For instance, a building on North Liberty appears to have housed a lunch counter — because of the deposits of animal bones found there along with a “quartee,” a token that served as informal currency with a value of 2 1/2 cents. Lunch counters often had two-for-5-cents specials. “It’s a reminder that the district employed many other people besides prostitutes and musicians,” Gray said.
A century of food
In the 1980s, Ngoan Vu began cooking seafood, gumbo and Vietnamese-New Orleans specialties inside the Basin Supermarket, a one-story building at Basin and Bienville streets, where Lulu White once ran a busy saloon. In 2005, Vu bought the building. She now rents it to another family, which sells corner-store staples such as gum and soda pop but is best known for steam tables heaped with gumbo and catfish.
Vu’s nephew, Andrew Le, spoke for his aunt, who speaks little English. He said Vu is fond of the building’s history and likes to talk about it, but the biggest draw for her was its door onto busy Basin Street, which has drawn in thousands of hungry customers over the years. “She liked it because of the location,” he said.
The saloon itself came into being because another shrewd businesswoman, Lulu White, needed to cook and sell food there, Katy Coyle said.
In 1908, the Legislature had recently passed the Gay-Shattuck law, which banned women from places where liquor was sold and consumed. It also forbade bar owners to serve black and white patrons in the same establishment and banned live music in places that served liquor. The only exceptions were for hotels and restaurants that also served food with liquor.
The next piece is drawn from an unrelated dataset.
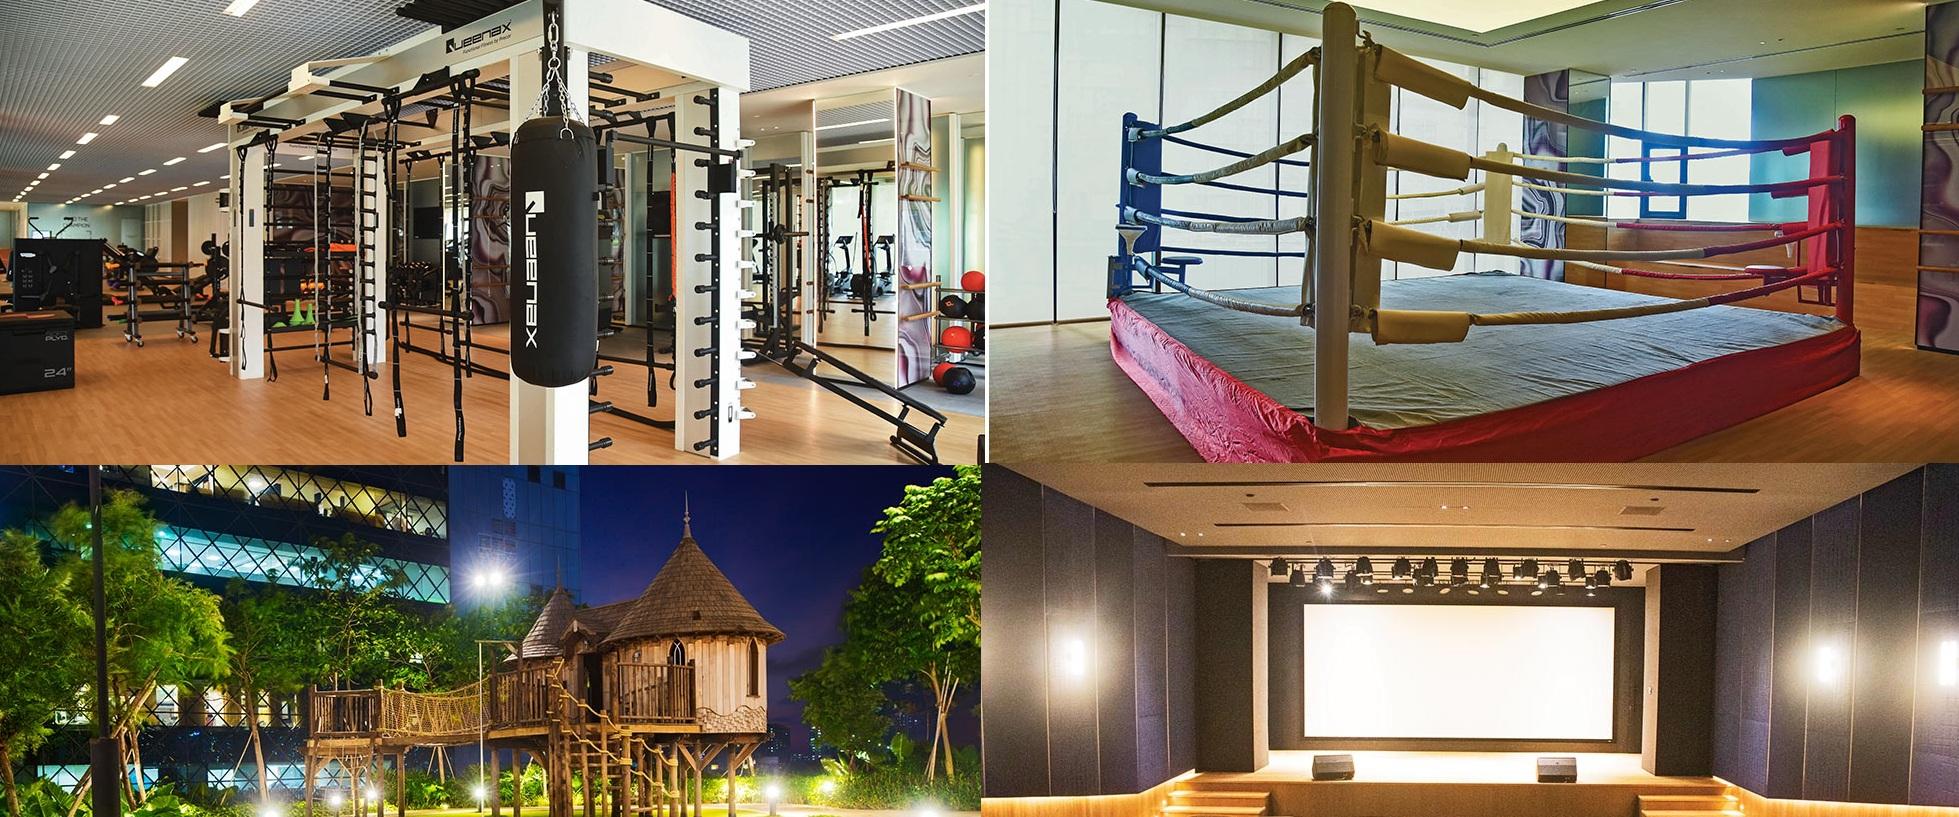 lodha allura amenities features8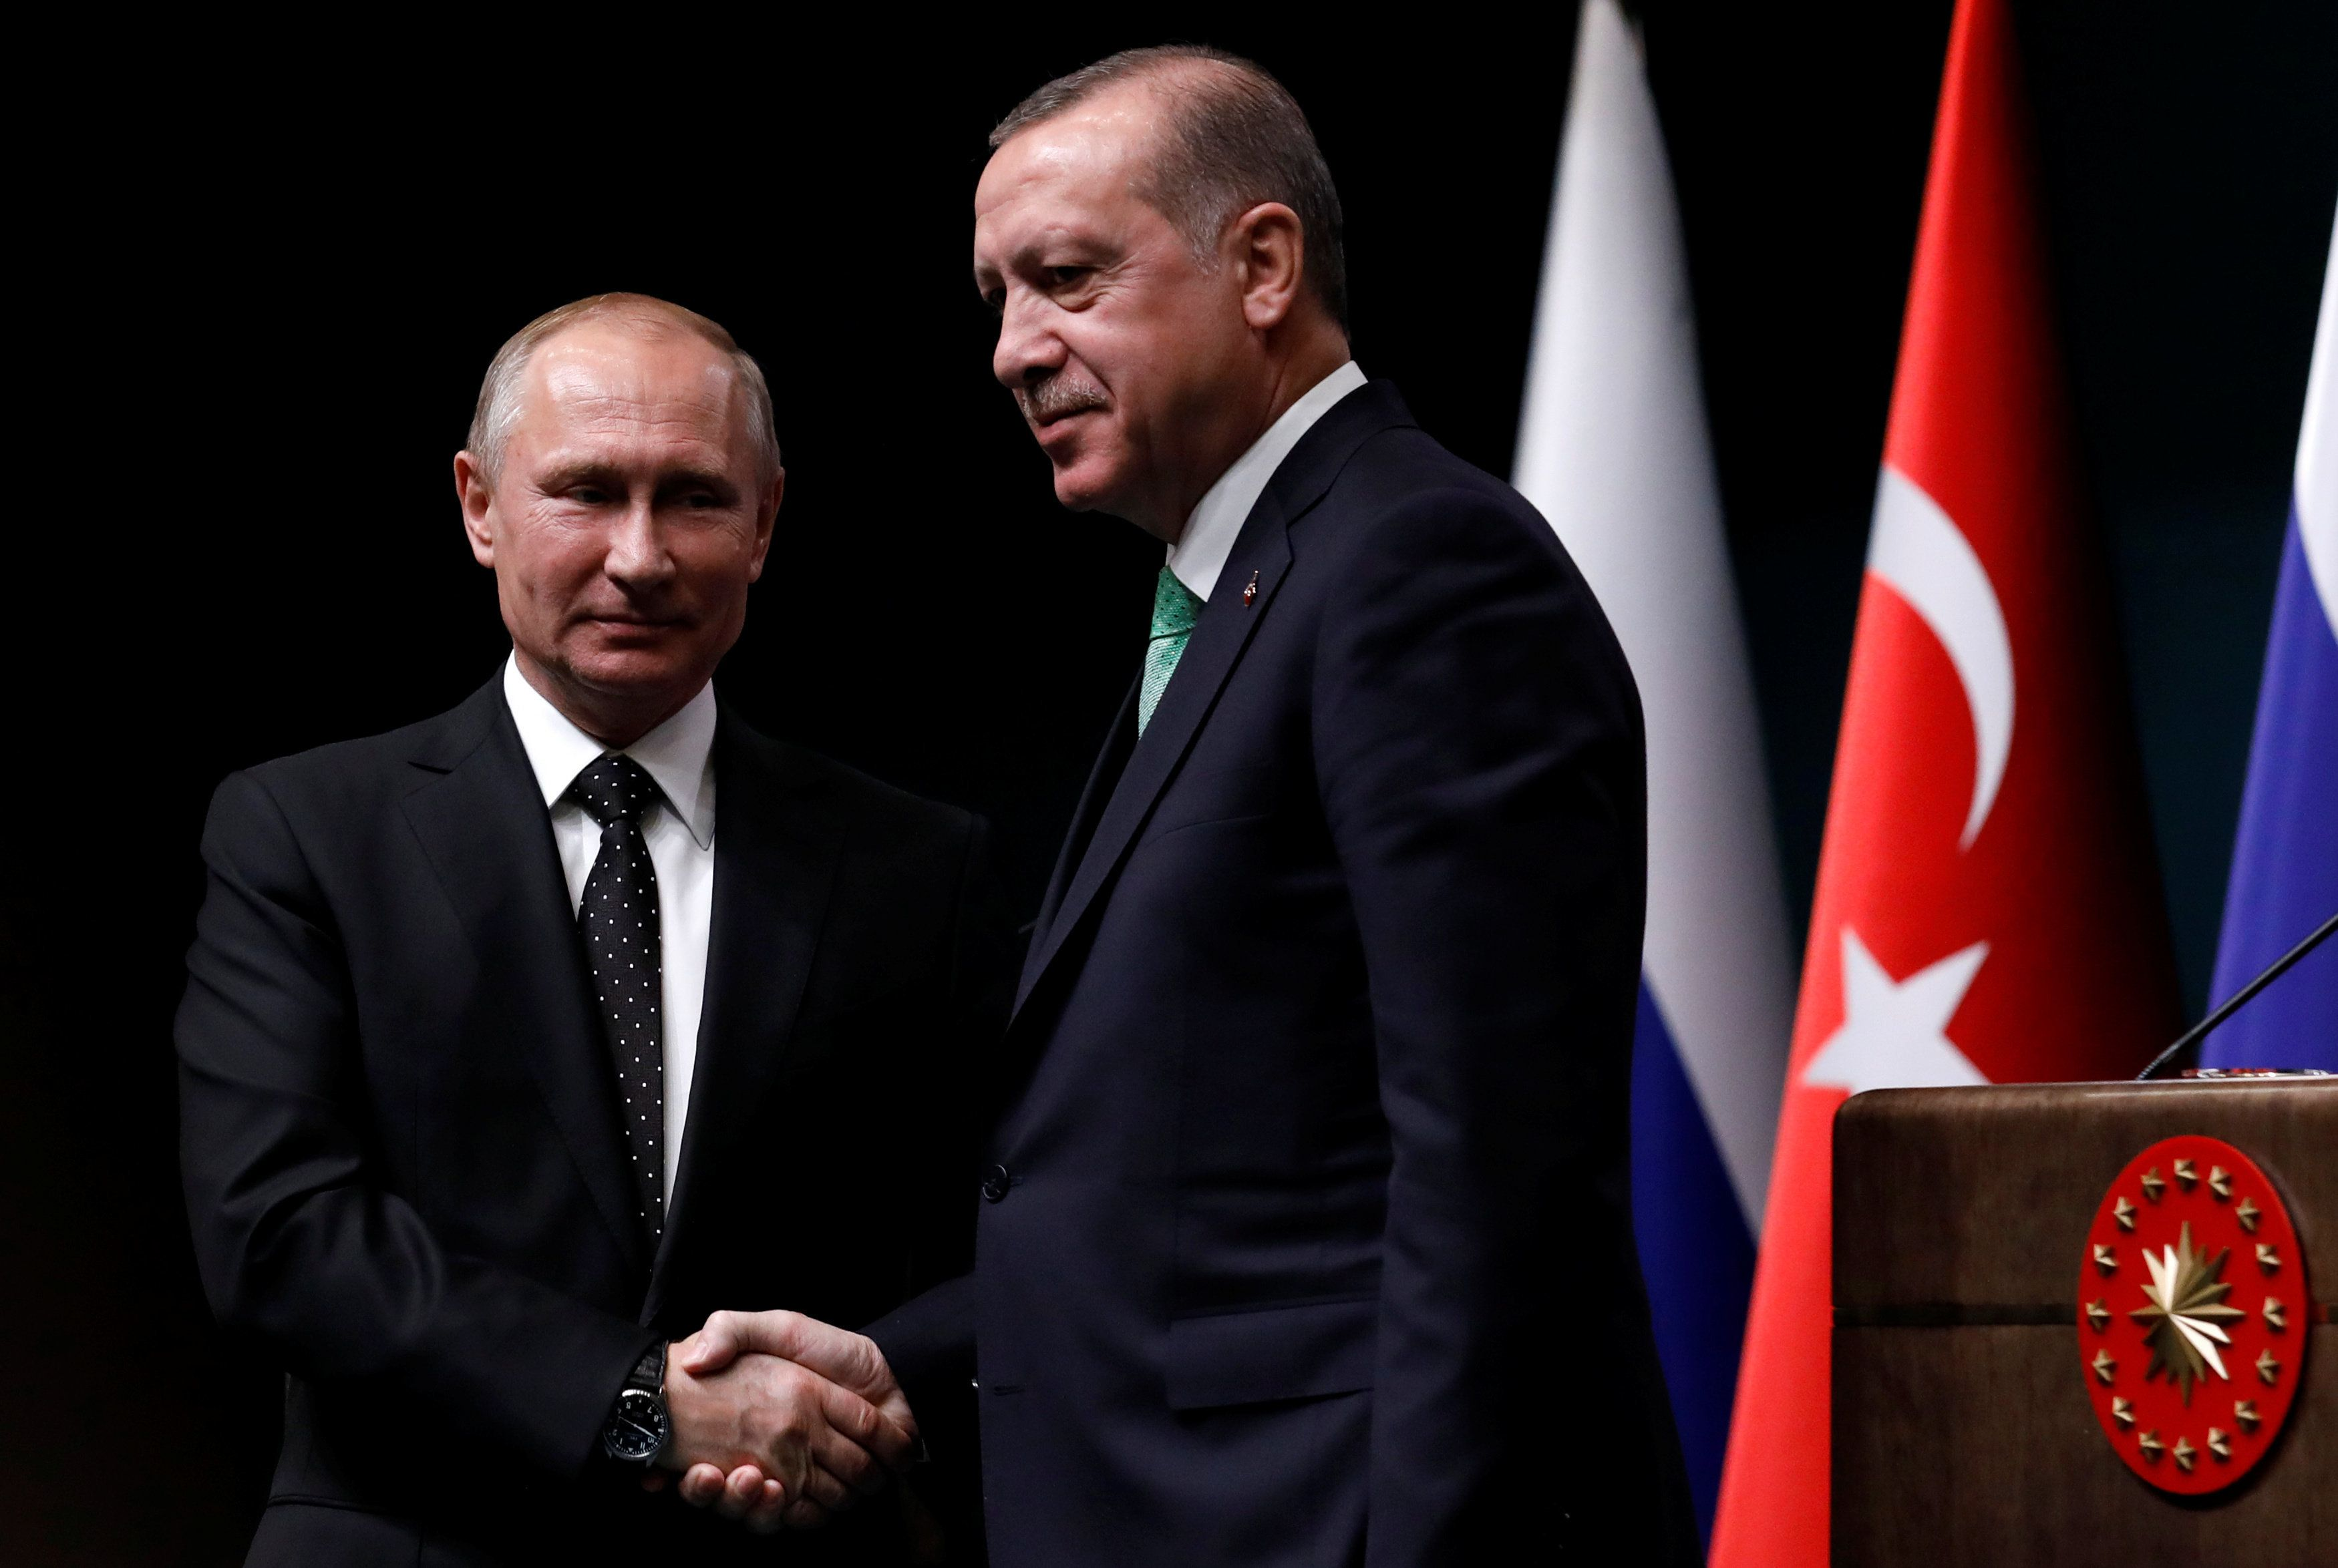 Το θέμα της τουρκικής προκλητικότητας δεσμεύεται να θέσει ο Πούτιν στον

White’s “high-class” establishment, called Mahogany Hall, sat next door. There, in the front room, attractive young women served champagne while piano “professors” played music and the prostitutes sang and danced. The Gay-Shattuck law threatened that routine. Even worse, it cut into profits. “The sale of liquor was no less important than the sale of flesh,” said Raeburn.
“Liquor was marked up about 400 percent; the madams made way more money on liquor than prostitution,” said Coyle, explaining how madams reacted after Gay-Shattuck passed. “That’s almost certainly when Lulu White created her saloon as a ‘restaurant,’” Coyle said, noting that White likely used the restaurant as a cover to send liquor to Mahogany Hall, where business seemed to continue as usual.
Buildings like these are important because of what happened within their walls, Stewart said. “You can feel something,” he said.
Stewart experienced that feeling years ago when he entered the old Karnofsky tailor shop in the 400 block of South Rampart Street, run by the family that hired Armstrong to deliver coal as a child. “It’s really, really small, and you realize that the scale and extent of their existence was not that big,” he said.
“You step back into time if there’s a building,” Stewart said. “If not, you just step into air.”
Editor’s note: This story was updated Nov. 6, to reflect that Lolet Boutte called her grandmother, Lolet Goins LeBlanc, “Mère.” not “Mama,” and that it was LeBlanc’s mother who delivered bloomers and camisoles through bordellos’ side windows because she was not allowed to enter.